We are looking for a skilled PySpark Engineer with hands-on experience in Google Cloud Platform (GCP) to join our team. The ideal candidate will have expertise in building scalable data processing pipelines using PySpark and leveraging GCP services for big data solutions. Experience with Spring Boot is a plus, as it will be helpful for integrating data processing pipelines with web-based applications or microservices.
Key Responsibilities:
Data Processing: Develop and maintain PySpark-based ETL pipelines to process and transform large datasets.
Cloud-Based Data Solutions: Utilize GCP services (e.g., Google Cloud Storage, BigQuery, Dataflow, Dataproc) for data storage, processing, and analysis.
Optimization: Ensure performance optimization of PySpark jobs by configuring clusters and utilizing best practices in Spark processing.
Big Data Management: Collaborate with data engineers to design and implement efficient storage systems, leveraging GCP's distributed data storage and compute resources.
Machine Learning: Work with data scientists to preprocess data for machine learning tasks, using Spark MLlib and other tools in the GCP ecosystem.
Data Integration: Integrate data pipelines with other GCP services like BigQuery for analysis, Cloud Pub/Sub for messaging, and Cloud Dataproc for Spark job management.

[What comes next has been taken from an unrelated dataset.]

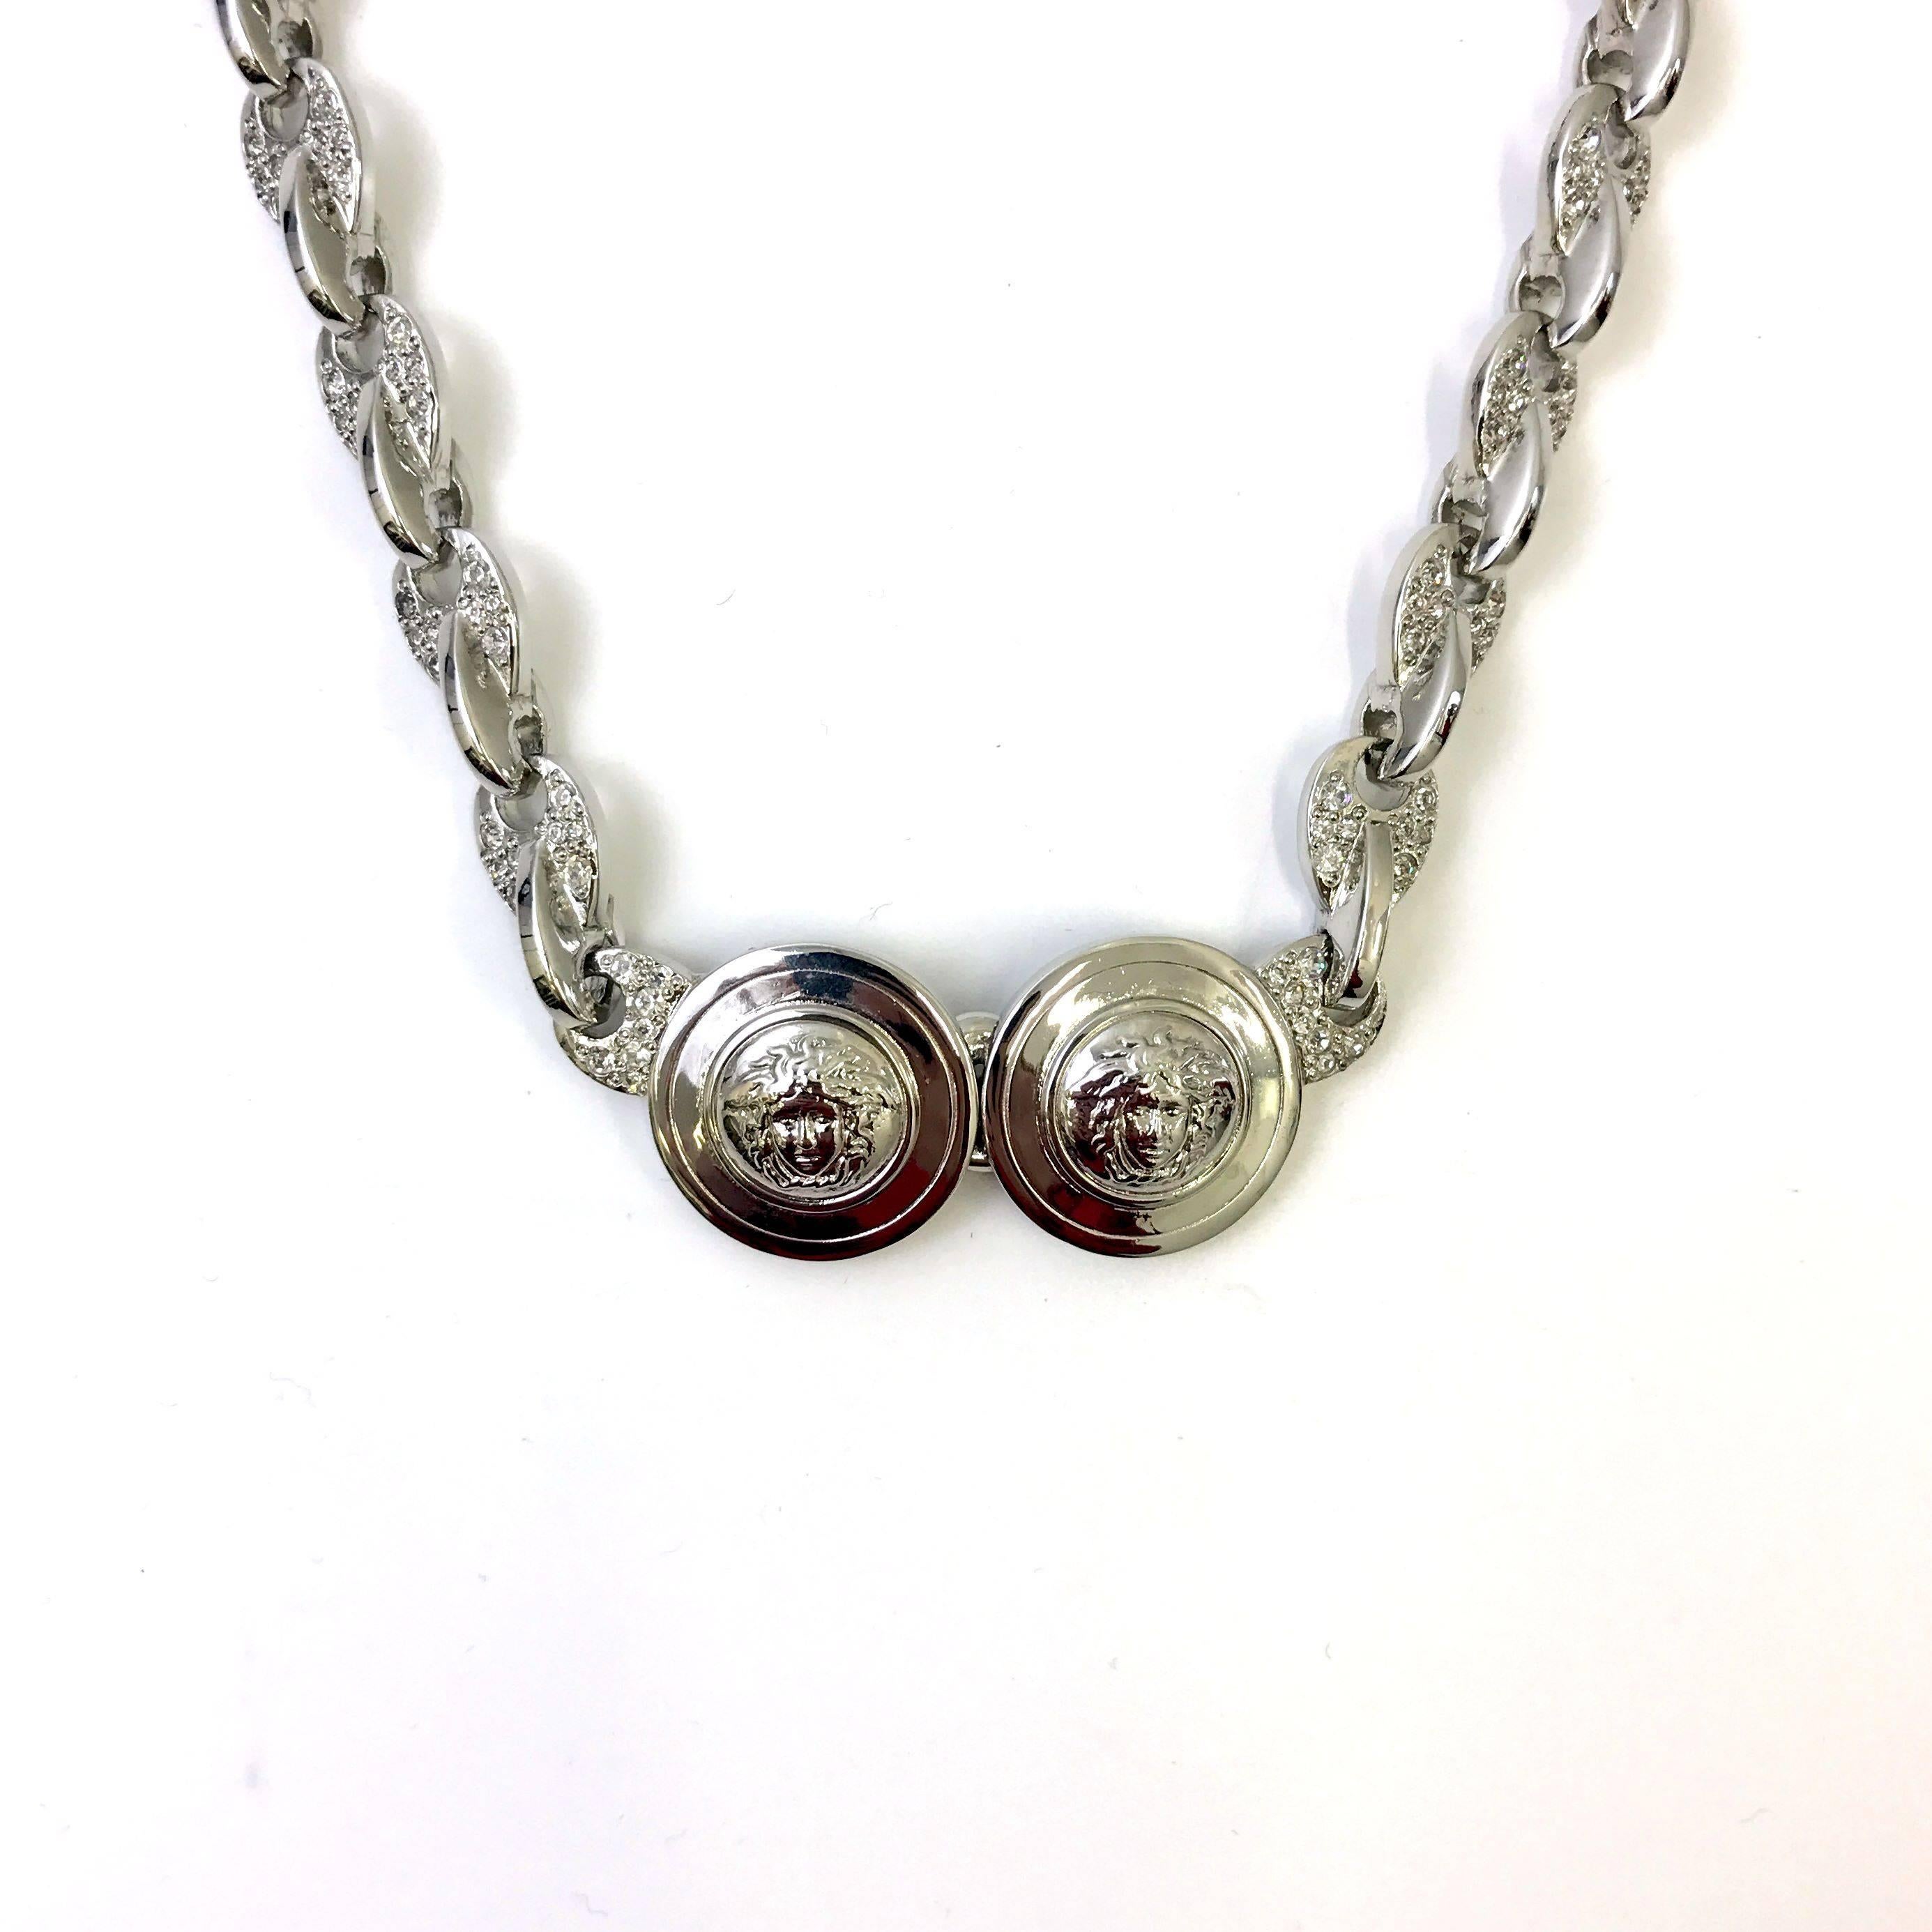 This is a iconic necklace from the famous Italian designer Gianni Versace from the 1990s. The necklace features a silver toned metal chain with a unique style link covered in rhinestones. In the centre of the chain there are two circle medallions

Spring Boot Integration (Optional): Develop RESTful APIs or microservices using Spring Boot to serve processed data or integrate PySpark pipelines with applications.
Collaboration: Work closely with other engineers, analysts, and data scientists to ensure smooth operation of the data pipeline.
Documentation: Write clean, efficient, and well-documented code. Maintain technical documentation for data pipelines and workflows.
Required Skills and Qualifications:
Python: Strong experience with Python programming for data manipulation, processing, and building PySpark jobs.
PySpark: Extensive experience working with Apache Spark using the PySpark library for distributed data processing.
Google Cloud Platform (GCP): Hands-on experience with GCP services like BigQuery, Cloud Storage, Dataflow, Dataproc, and Pub/Sub.
SQL: Proficiency in writing complex SQL queries to process and analyze large datasets.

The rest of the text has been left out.